FOXP3 exon 2 controls Treg stability and autoimmunity

Differing from the mouse Foxp3 gene that encodes only one protein product, human FOXP3 encodes two major isoforms through alternative splicing-a longer isoform (FOXP3 FL) containing all the coding exons and a shorter isoform lacking the amino acids encoded by exon 2 (FOXP3 Delta E2). The two isoforms are naturally expressed in humans, yet their differences in controlling regulatory T cell phenotype and functionality remain unclear. In this study, we show that patients expressing only the shorter isoform fail to maintain self-tolerance and develop immunodeficiency, polyendocrinopathy, and enteropathy X-linked (IPEX) syndrome. Mice with Foxp3 exon 2 deletion have excessive follicular helper T (T-FH) and germinal center B (GC B) cell responses, and develop systemic autoimmune disease with anti-dsDNA and antinuclear autoantibody production, as well as immune complex glomerulonephritis.
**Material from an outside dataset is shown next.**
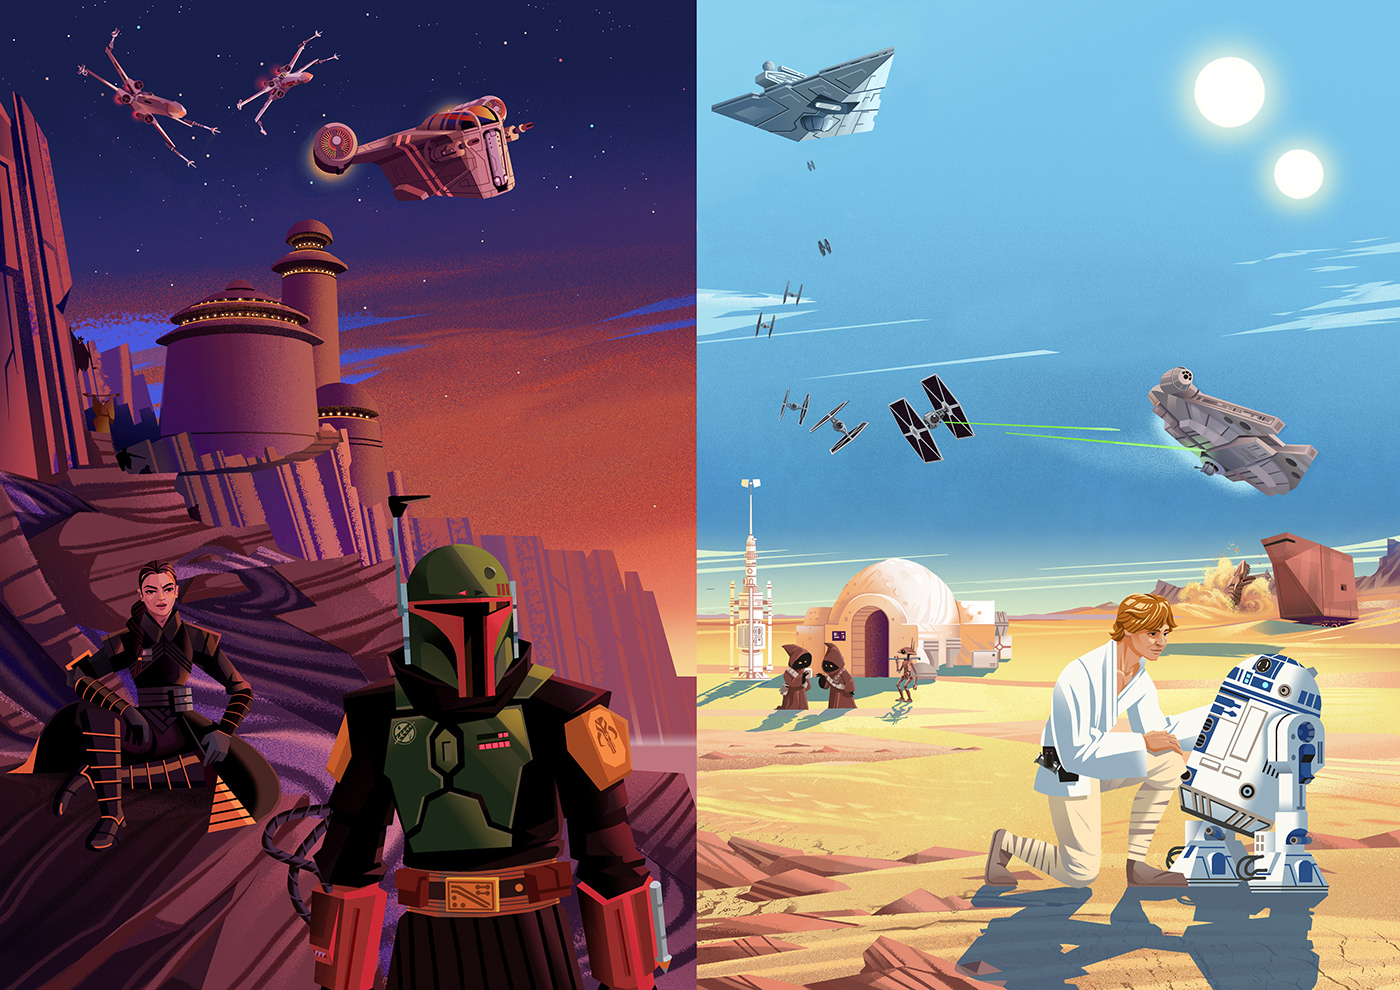 Star Wars example #11: Star Wars: Exploring Tatooine

Despite having normal suppressive function in in vitro assays, regulatory T cells expressing FOXP3 Delta E2 are unstable and sufficient to induce autoimmunity when transferred into Tcrb-deficient mice. Mechanistically, the FOXP3 Delta E2 isoform allows increased expression of selected cytokines, but decreased expression of a set of positive regulators of Foxp3 without altered binding to these gene loci. These findings uncover indispensable functions of the FOXP3 exon 2 region, highlighting a role in regulating a transcriptional program that maintains T-reg stability and immune homeostasis.

Automated summary

In this study, researchers discovered that the human FOXP3 gene encodes two major isoforms through alternative splicing. Patients who only express the shorter isoform may develop immunodeficiency and autoimmune diseases. Mice with the deletion of Foxp3 exon 2 also develop autoimmune diseases. The FOXP3 Delta E2 isoform allows increased expression of certain cytokines while decreasing the expression of positive regulators of Foxp3, leading to an unstable regulatory T cell phenotype.